I picked up my violin and started to play. Outside the window, I stared at the leafless black trees. Sealed shut, a matronly nurse told me: years back, a suicide. I wanted the beautiful woman who plowed her Plymouth into my car to show up. I wanted a nurse to drive a needle of morphine into my arm. I wanted to leap out the window. A moan floated by; I looked down, expecting a hole in my chest.
It was the violin. I didn’t know how to play. “Baby, what can I get you?” the beautiful woman asked when she visited the first time. She felt sorry. She had her eyes closed when we collided. I said a violin. I’d had one in my car. Not mine, it belonged to the woman who’d called to say it was over. I was on my way to return it. I’d told her she played so badly it stung my ears. Maybe that’s what ended it.
The Russians were shouting. The beautiful woman told me, “I usually don’t like where I am.” That’s why she drove with her eyes closed. Now I tried it and began to drift, feeling no longer myself but Dmitri from Brothers Karamozov, waiting for Grushenka. She’d arrive any minute in a tight-fitting dress and a fur hat.
The front door slammed. I heard someone brush snow from a coat. I called out, and there stood Ivan in the doorway, wearing a pink hat. “You can’t be saved.”
Who said I wanted salvation? Only for Grushenka to say, “Shhh,” her sugar breath on my face, then straddle me and pound my chest with her fists.
The Russians were fighting, louder. I opened my eyes just as the pillbox hat skidded on the floor. A slap. I rang the nurse’s bell, until it screeched like an angry, injured bird.
A nurse charged into the room.

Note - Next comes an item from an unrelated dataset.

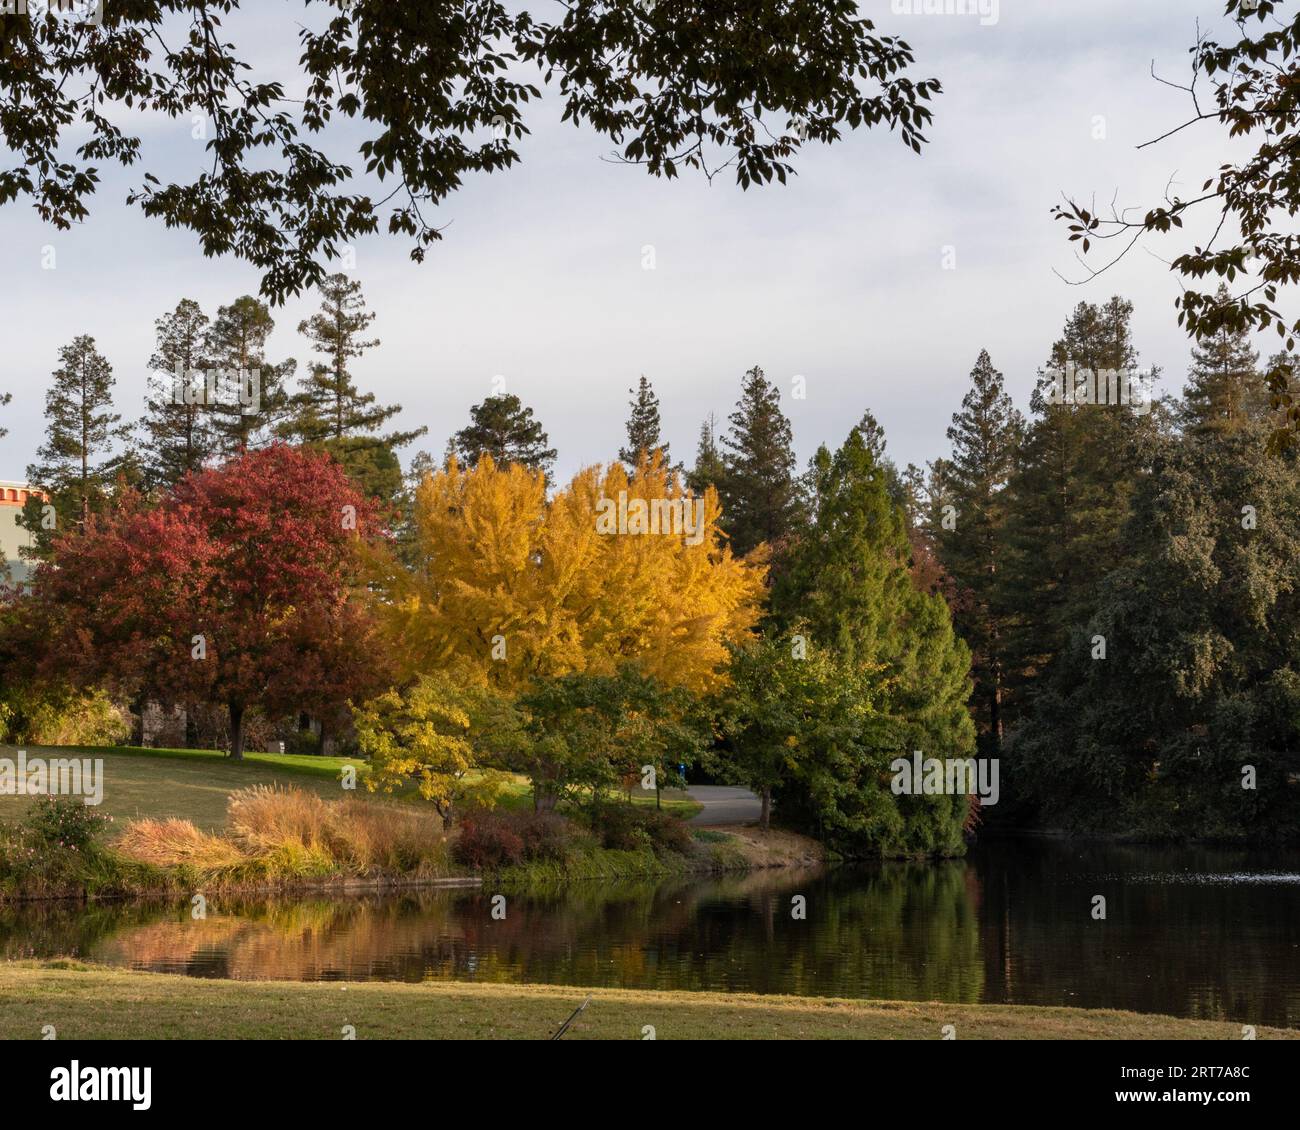 Couleurs d'automne à l'extrémité est de l'arboretum UC Davis au-dessus du lac Spafford Banque D'Images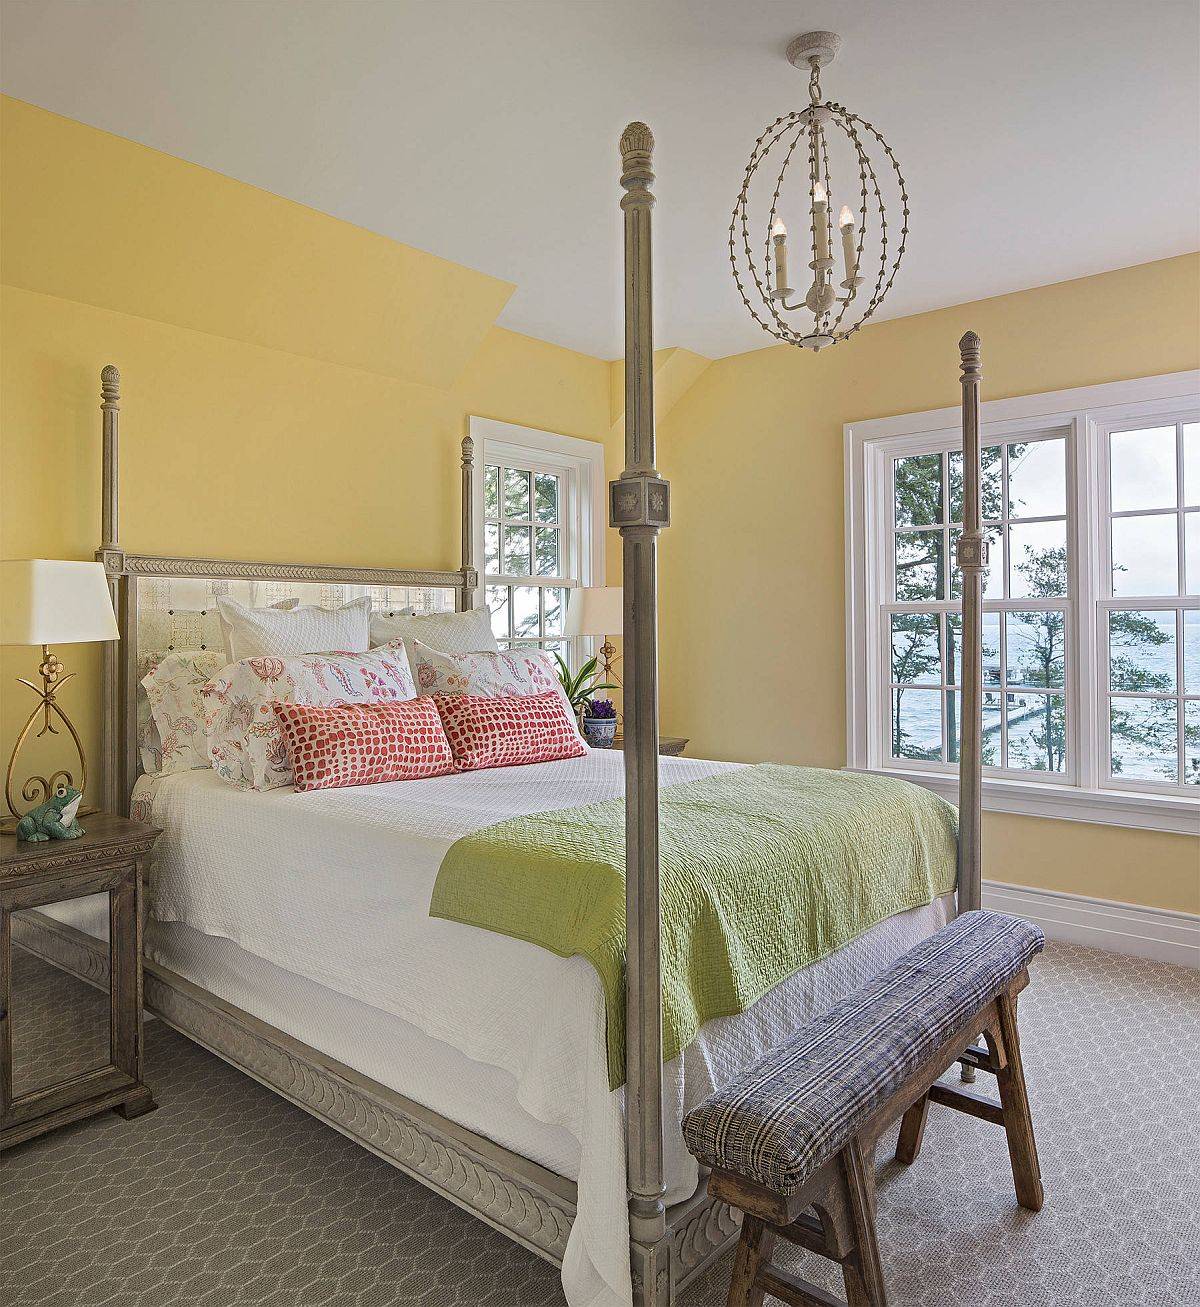 Phòng ngủ phong cách bãi biển quyến rũ hơn với sắc vàng nhẹ nhàng cùng ánh sáng tự nhiên ngập tràn.

She told the Russians to cut it out and me to stop messing with that violin. “Sounds like someone’s dying in here.”
When they wheeled out the Russian for tests, his wife peered around the curtain. She wore her hat again, but lopsided, her cheek bright pink. Plunking herself into the chair beside me, her lower lip trembled, and I hoped to God she wouldn’t cry. She pointed to the violin. What the hell, she looked worse off than me.
She tucked it under her chin and began to play, music soaring around the room, then she got down on her knees and prayed. I felt my blood coursing through me, and I pushed myself up between the birdcage bars, so close I could see her make-up sparkling, just like my windshield, smashed on the street. I remembered thinking, how can a disaster look so beautiful?